Hacker News new | ask | show | jobs
by jgtrosh 2979 days ago
He claims 100% compression, but that clearly disregards the digit ID which is potentially quite large to store. Any idea as to how to compute stats for actual compression (size(content)/size(index))?
4 comments

Assuming that pi is a normal number [1], its digits are uniformly distributed. Therefore the density of a given binary sequence of length N in pi’s binary expansion is 2^-N.

So on average, the offset for a given binary sequence will be on the order of 2^N (I’ve used some hand-waving here). You need N bits for that, you you’ve gained basically nothing.

[1] https://en.m.wikipedia.org/wiki/Normal_number

A friend and I tried to do this in highschool and realized it wasn't so useful except for a cool factor.
I think reading a bit farther it becomes clear that it's a parody

Edited to fixed terrible spelling

You mean “parody.” This near-homophone is quite confusing here!
Oops. My only excuse, weak as it is. Is that I typed that on my phone. Fixing it now thanks.
Sure it is! It's an interesting problem nonetheless :-)
Size of the index would just be log2(index), right?
Your calculation works backward from already knowing the index.

I assume jgtrosh's question is more of a probability and estimation question. E.g. the string "Hello world" takes up 11 bytes and what's the size of the index into pi? To generalize a little more, to store any 11-byte sequence, what is the estimated size to store its index? To find the exact 256^11 byte sequence in pi, there will be many cases where the sizeof(index) is greater than the data itself.

Yes but index would be ~2^(length of content)
> He claims 100% compression, but that clearly disregards the digit ID which is potentially quite large to store

That reminds me of a compression program I once wrote. It had the following properties:

1. It accepts any non-empty file other than a file consisting of a single 0 byte.

2. It is easily reversible.

3. The output is never larger than the input.

4. The output is smaller than the input for some files.

5. If a file is larger than 1 byte, iterating enough times will always eventually produce a smaller file. What is "enough times" depends on the file content.

(I wrote this partly as a joke, and partly as a counterexample to some proofs I'd seen on Usenet about the limitations of compression programs where the proofs had not been sufficiently precise in specifying the conditions necessary for them to apply).

It is actually quite simple:

1. If the file is empty or a single byte that is 0, report that the input is not acceptable and exit.

2. If the file is N bytes, treat it as if it is an 8N bit unsigned integer, I.

3. If I is 0, the output file is N-1 bytes all with value 0xFF.

4. If I is not 0, subtract 1, and output the result.

(Decompression is left as an exercise for the reader).

Another way to look at this is to imagine that we have a sorted list of all possible files. The primary sort key is file size. The secondary sort key is the numerical value of the file when treated as an 8N bit unsigned integer, where N is the file size.

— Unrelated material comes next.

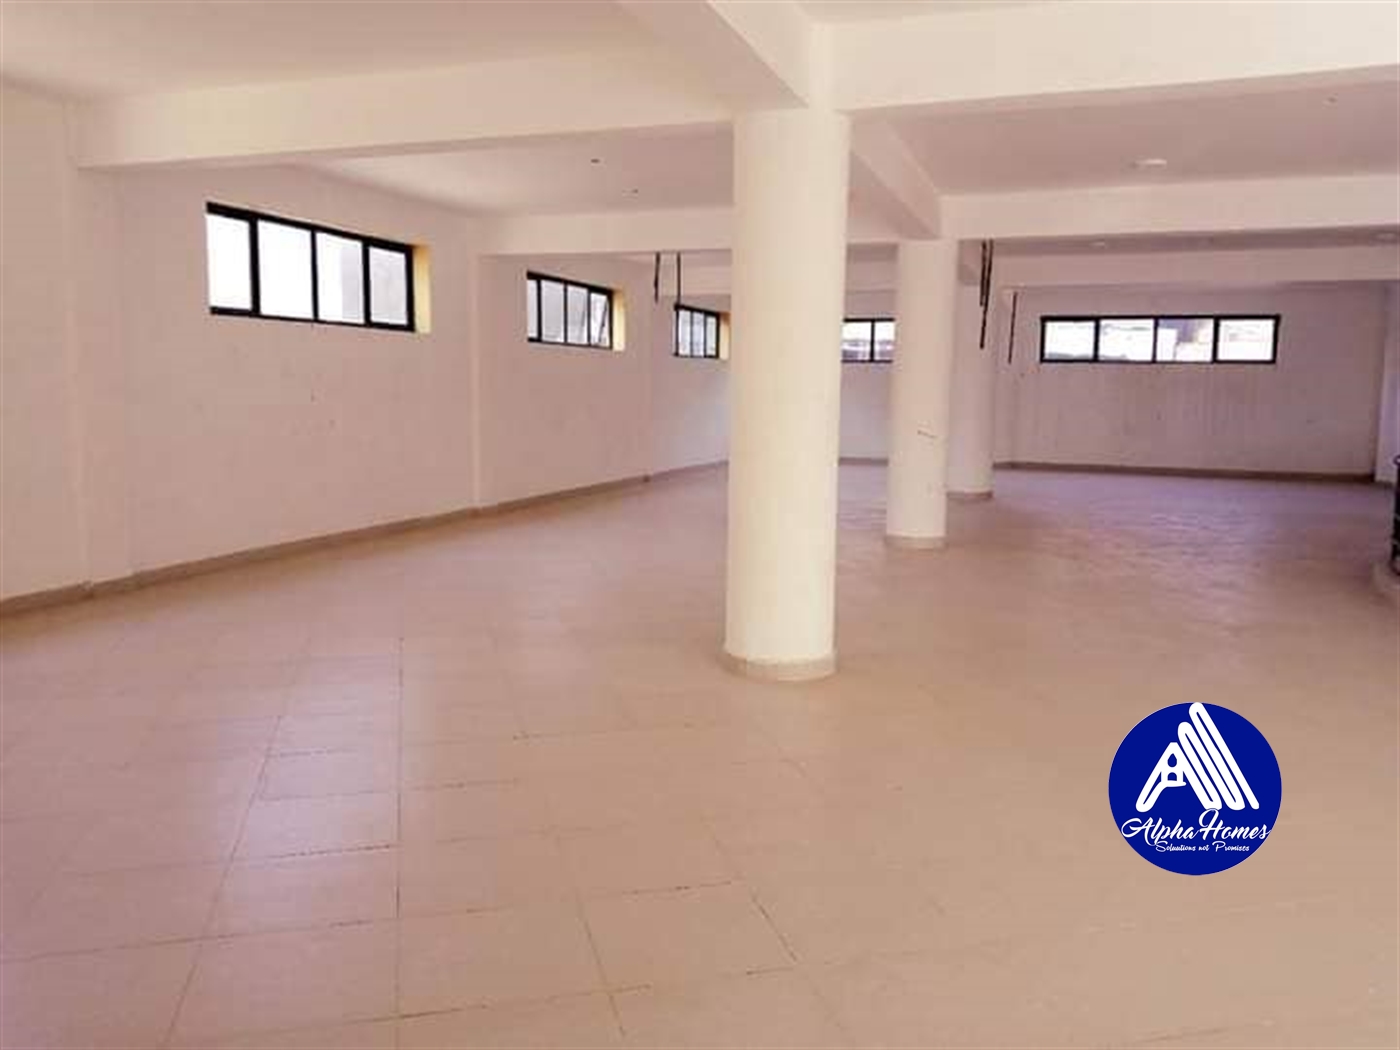 Office Space for rent in Kakyeka Mbarara

My compression algorithm is simply to replace each file with the file immediately ahead of it on that file list.

Viewed that way, it is pretty obvious that all my claims are true. It accepts any non-empty file other than the first file on the list (single 0 byte). To reverse it, replace the input with the file immediately after it from the list. The list is ordered by file size, so stepping down in the list never gives a larger file, and sometimes gives a smaller file. The output file is on the list, so you can obviously iterate.

The catch, of course, is that while yes, you can take your 1 TB of arbitrary data (even true random data!) and apply my algorithm iteratively to get down to, say, a 1 byte file, and yes, you can apply the decompression algorithm iteratively to recover your 1 TB from, to do that you have to know how many times to iterate on the decompression end.

The number of iterations required for an uncompressed file of N bytes to compress down to a byte is on the order of 2^(8N), so you will need about N bytes to store the iteration count.

So net result is that it can replace an N byte file with a 1 byte file...but it is going to drop N bytes of metadata on you that you'll need to store somewhere.